Exercise requirements: The copy should hold only the line containing "Apple TV, disponibile tvOS 14.0.2" and the lines after it through the end of the material, each exact, with no pictures.

Data extract:
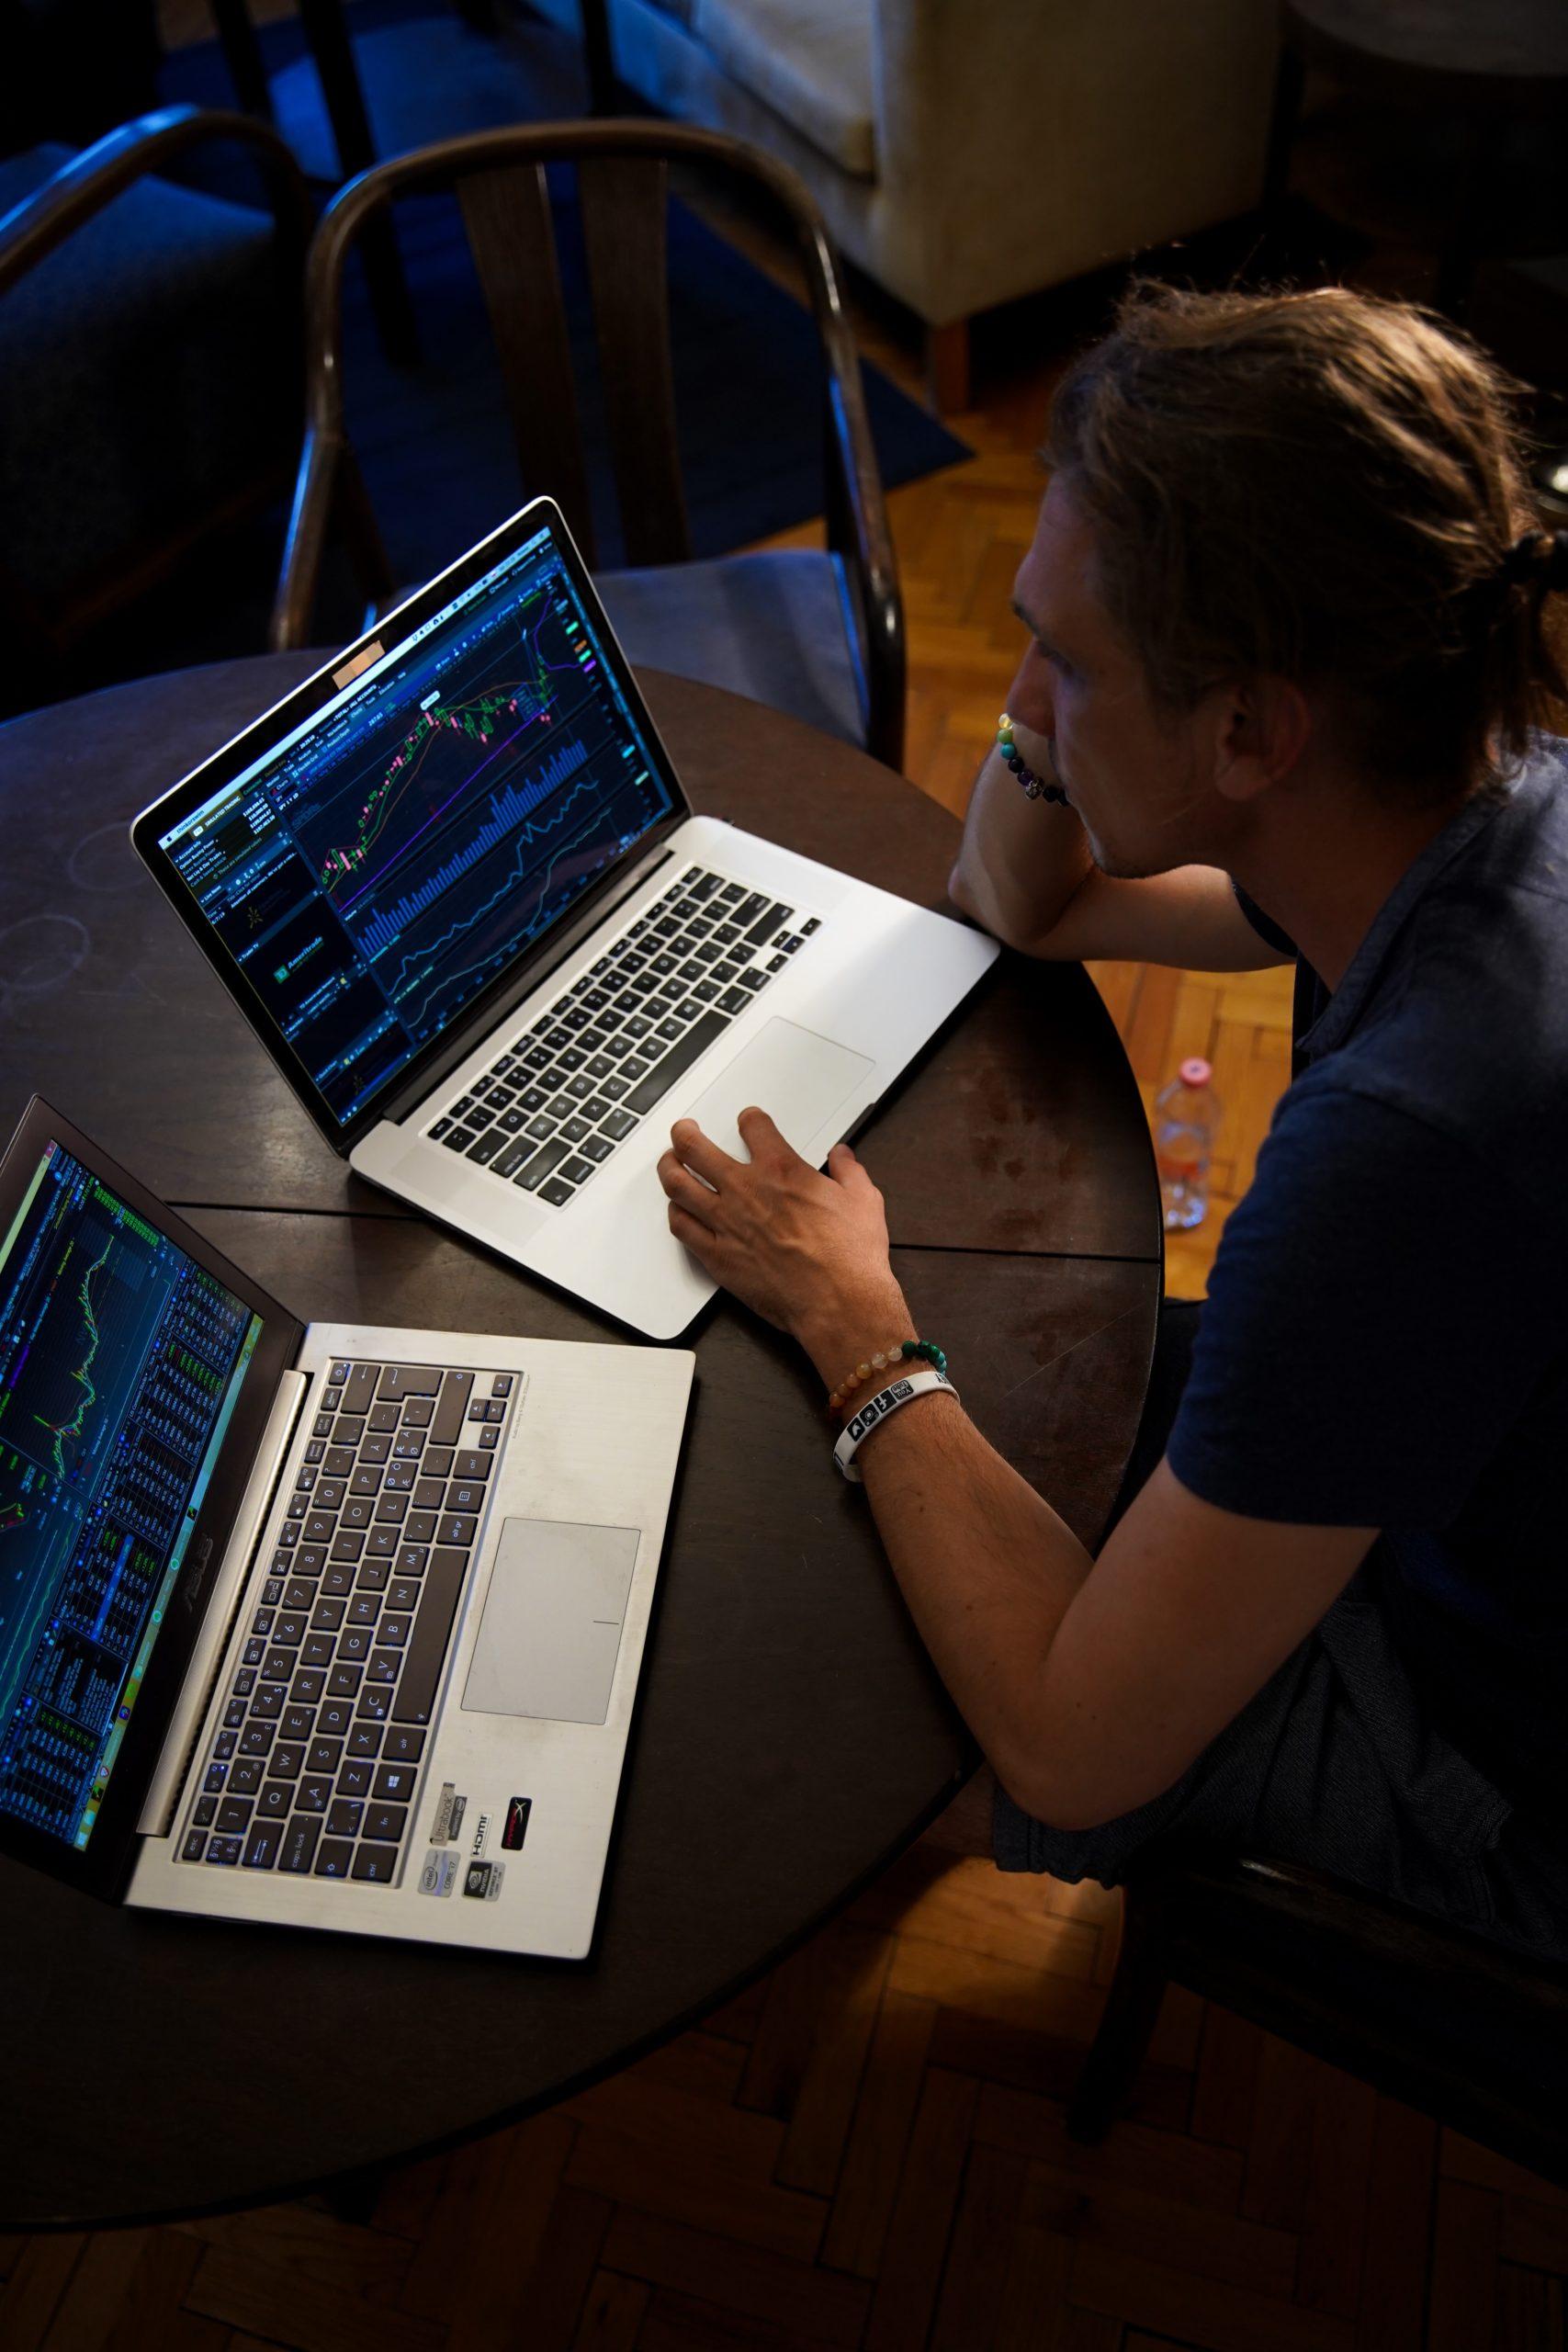 Handel na giełdzie za pomocą laptopa
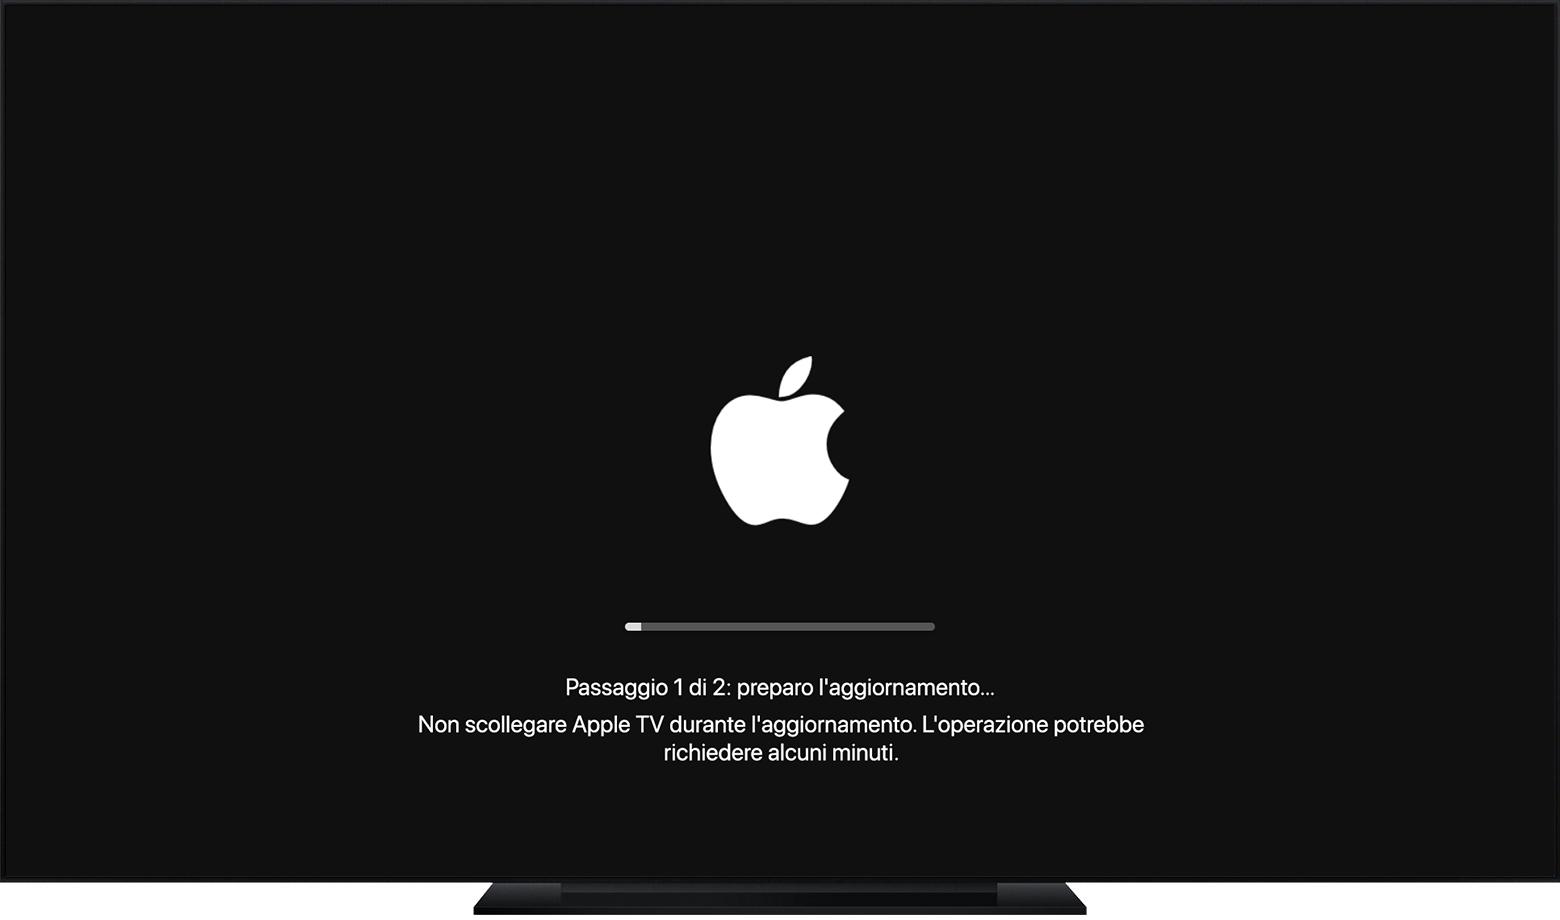 Apple TV, disponibile tvOS 14.0.2
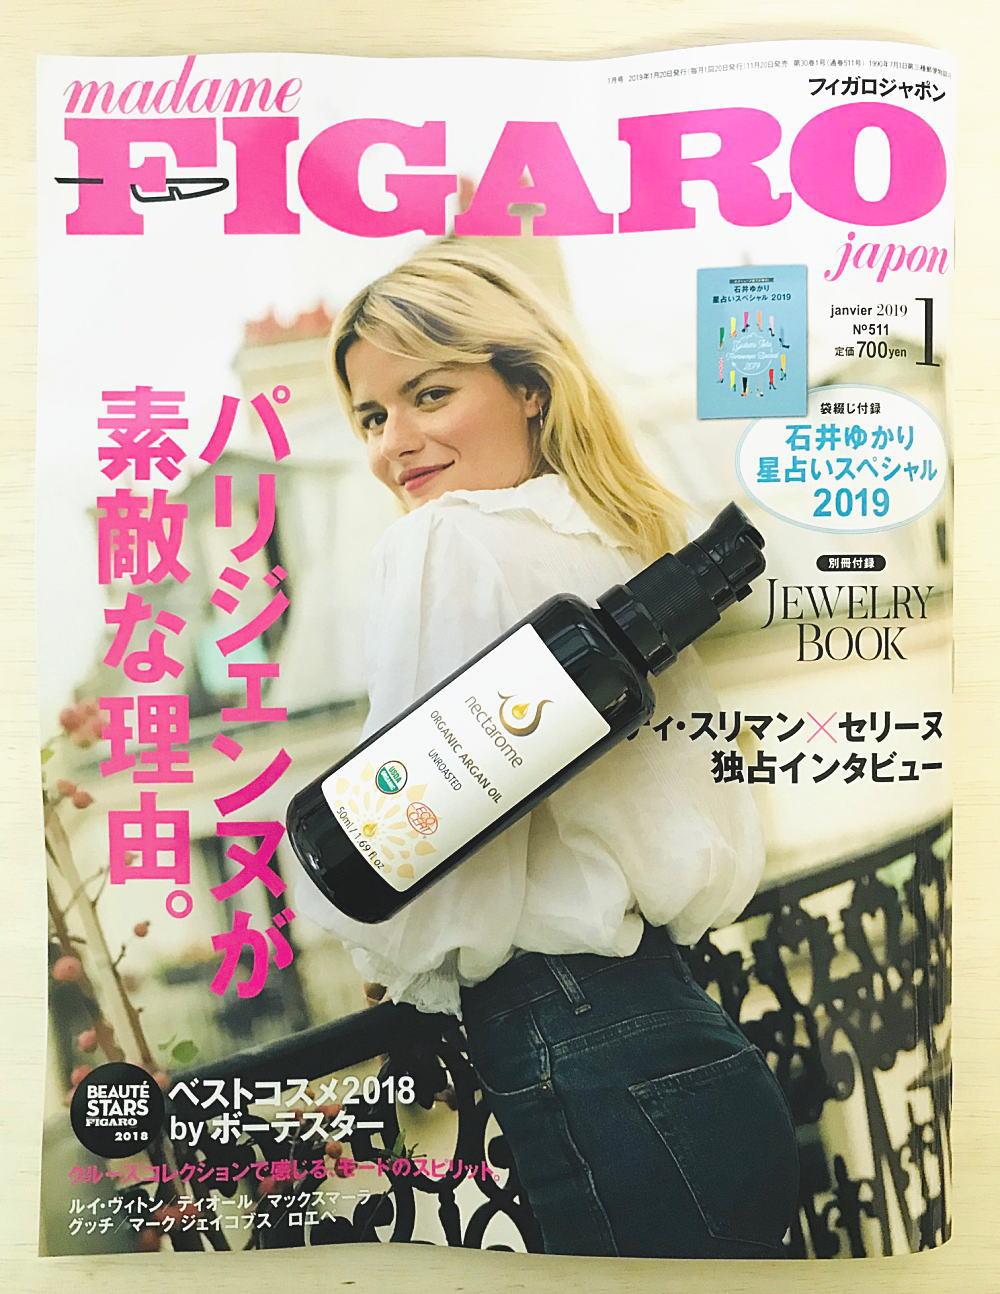 Madame Figaro Japon マダム フィガロ ジャポン - Nectarome ネクタローム

Solution to this task:
 Apple TV, disponibile tvOS 14.0.2
 Madame Figaro Japon マダム フィガロ ジャポン - Nectarome ネクタローム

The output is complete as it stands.